Each line of the records has to be copied exactly, though the pictures must be left out.

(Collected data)
»»

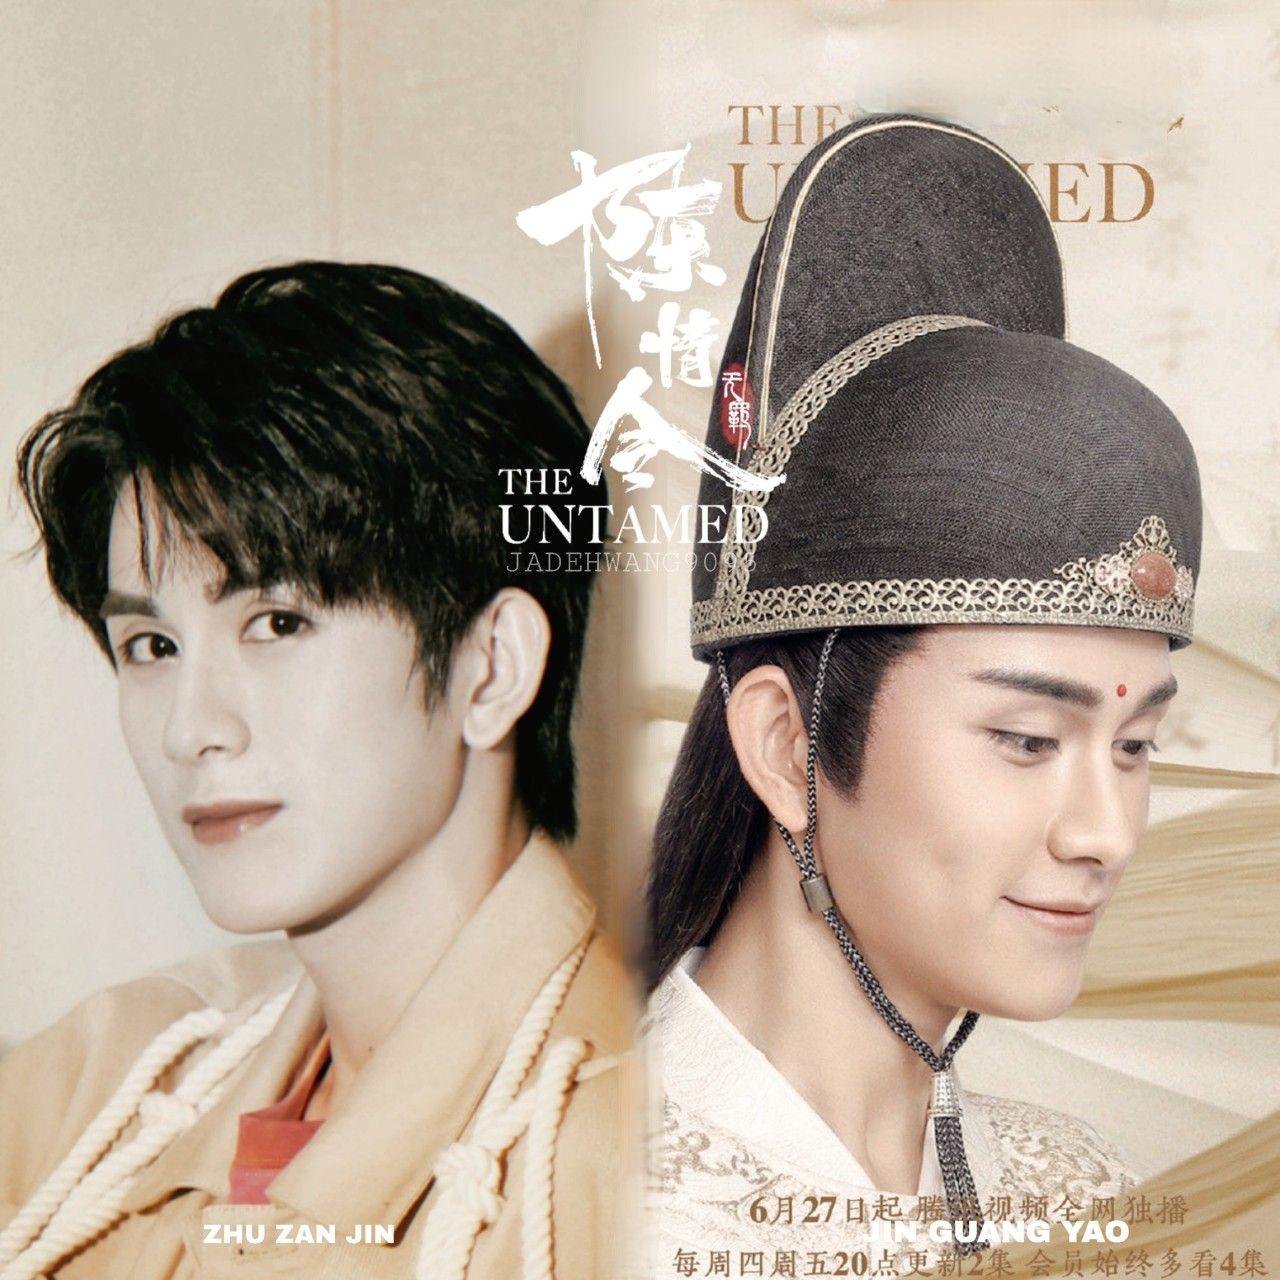 Jadehwang9095 — The Untamed Cast modern vs. ancient look
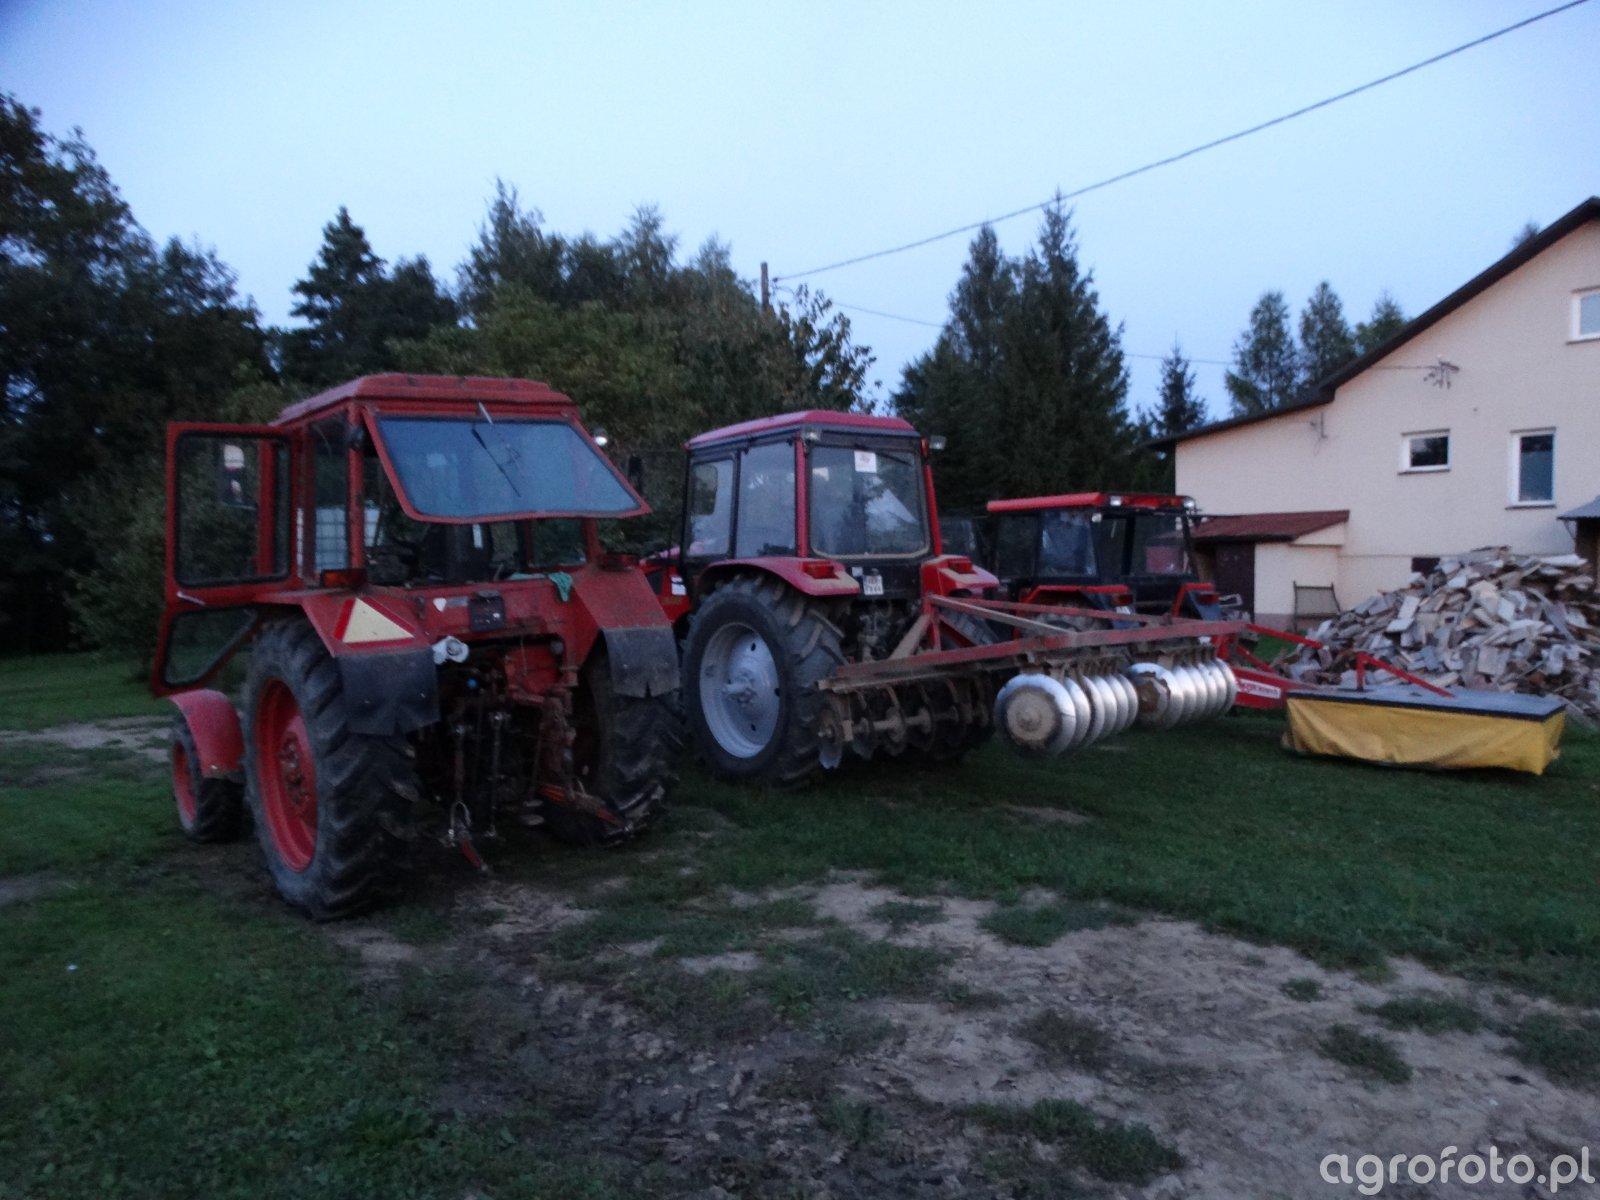 Mtz 82 & Mtz 1221.3 & Ursus C-360
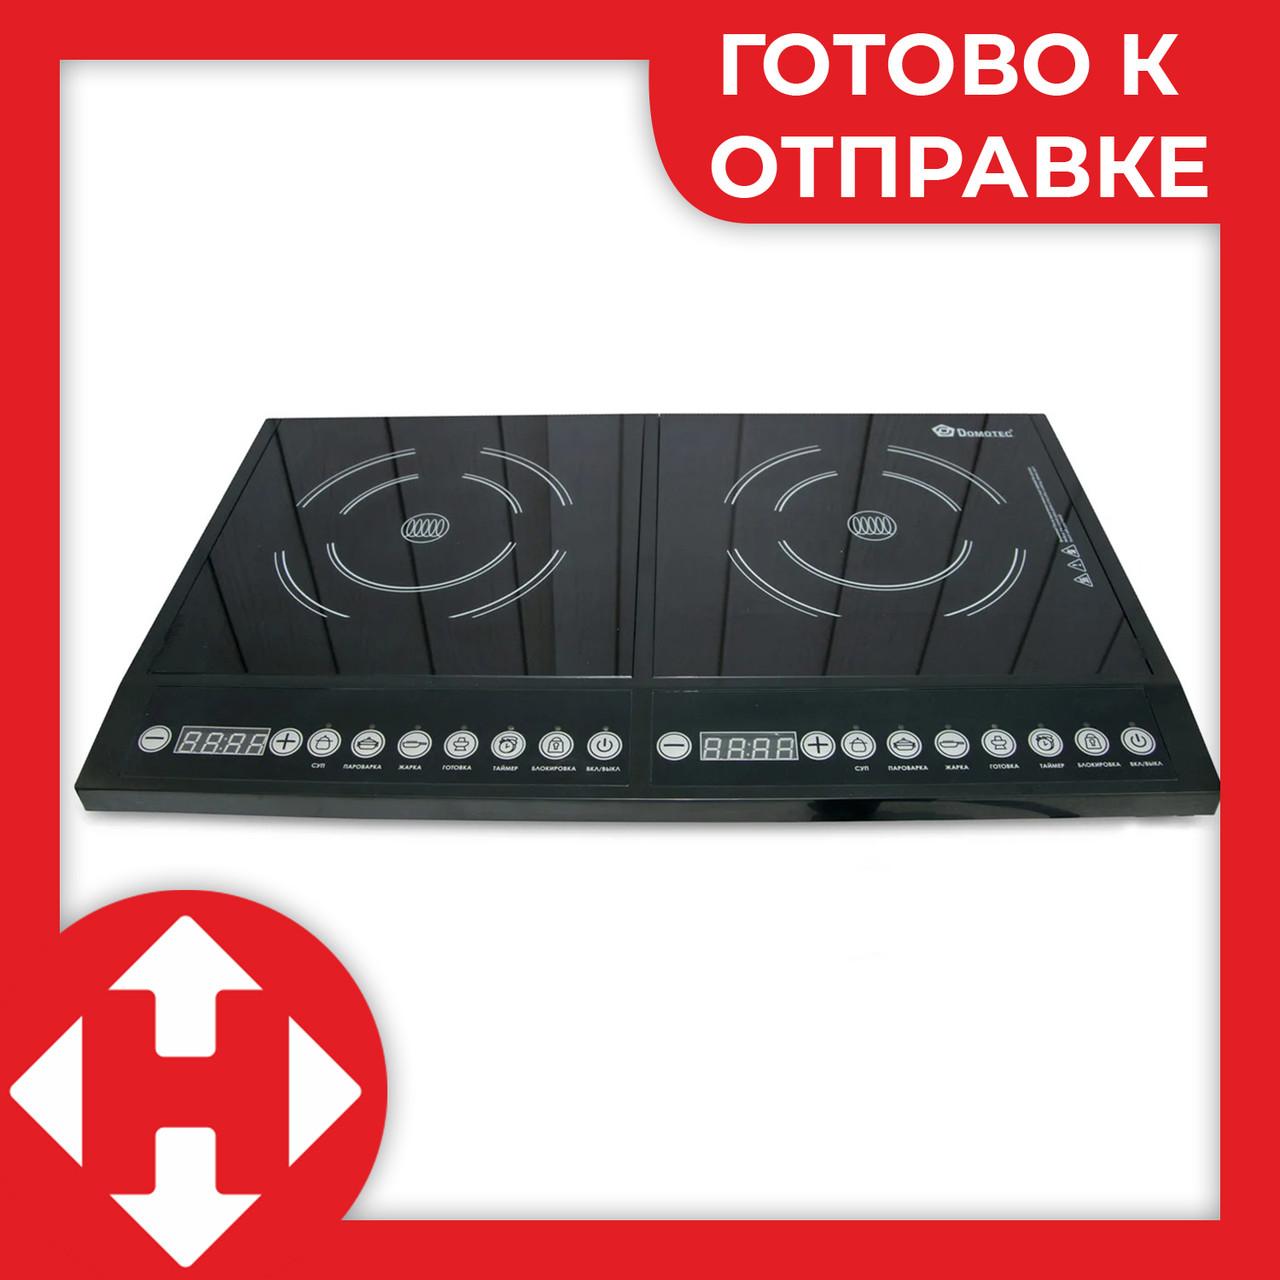 Настольная индукционная электро-плита на 2 конфорки Domotec MS-5862 Black (двухконфорочная, электрическая)
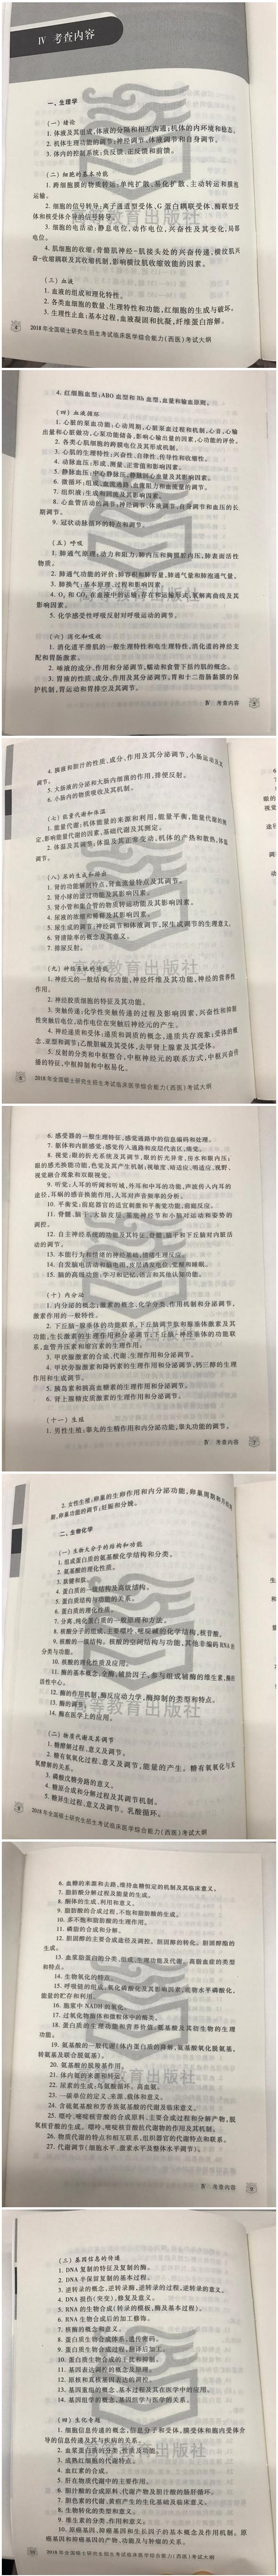 2019西医综合考研大纲
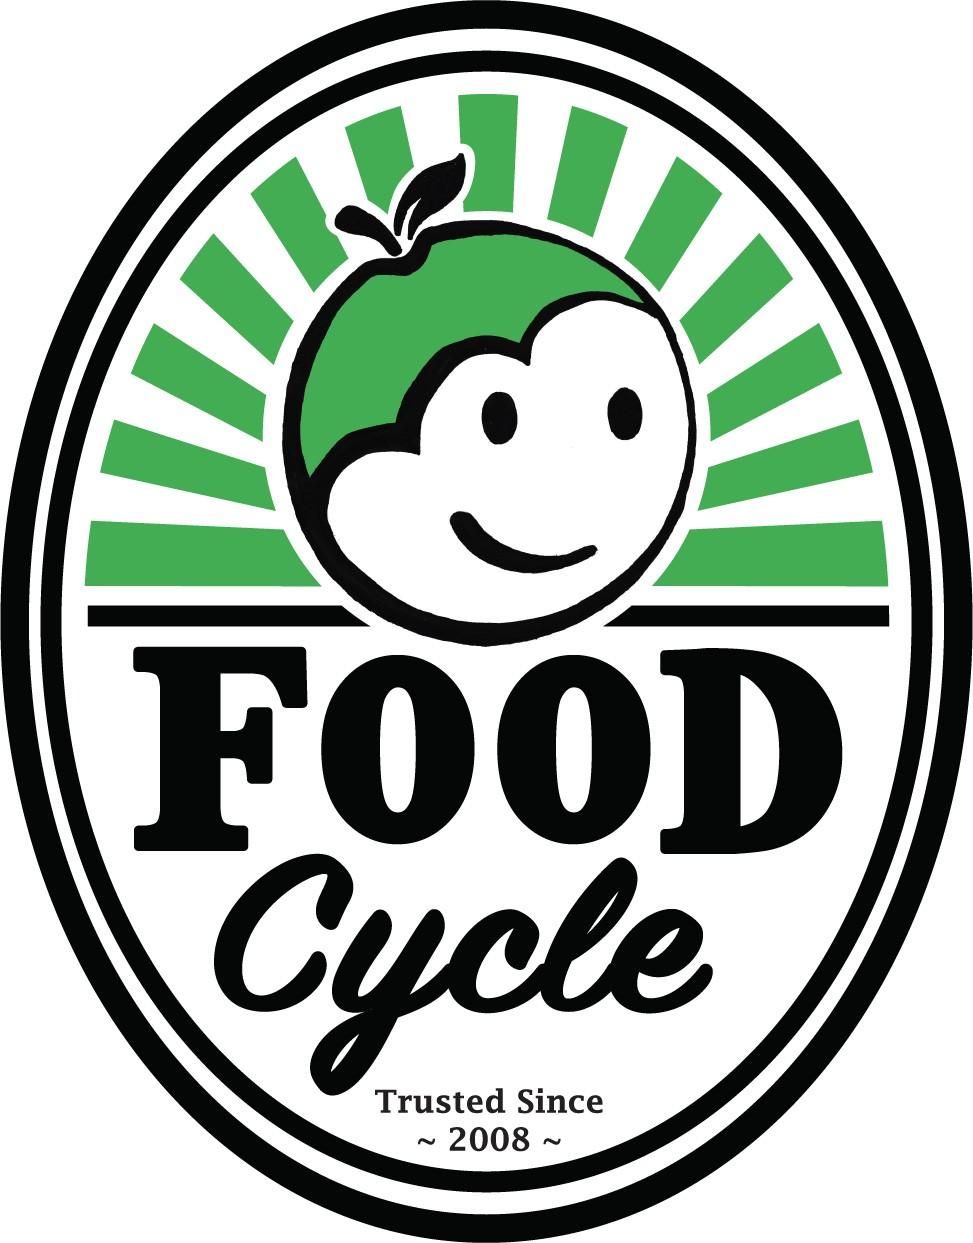 FoodCycle-Logo.jpg

««

*Solution below:*
 Jadehwang9095 — The Untamed Cast modern vs. ancient look
 Mtz 82 & Mtz 1221.3 & Ursus C-360
 Настольная индукционная электро-плита на 2 конфорки Domotec MS-5862 Black (двухконфорочная, электрическая)
 2019西医综合考研大纲
 FoodCycle-Logo.jpg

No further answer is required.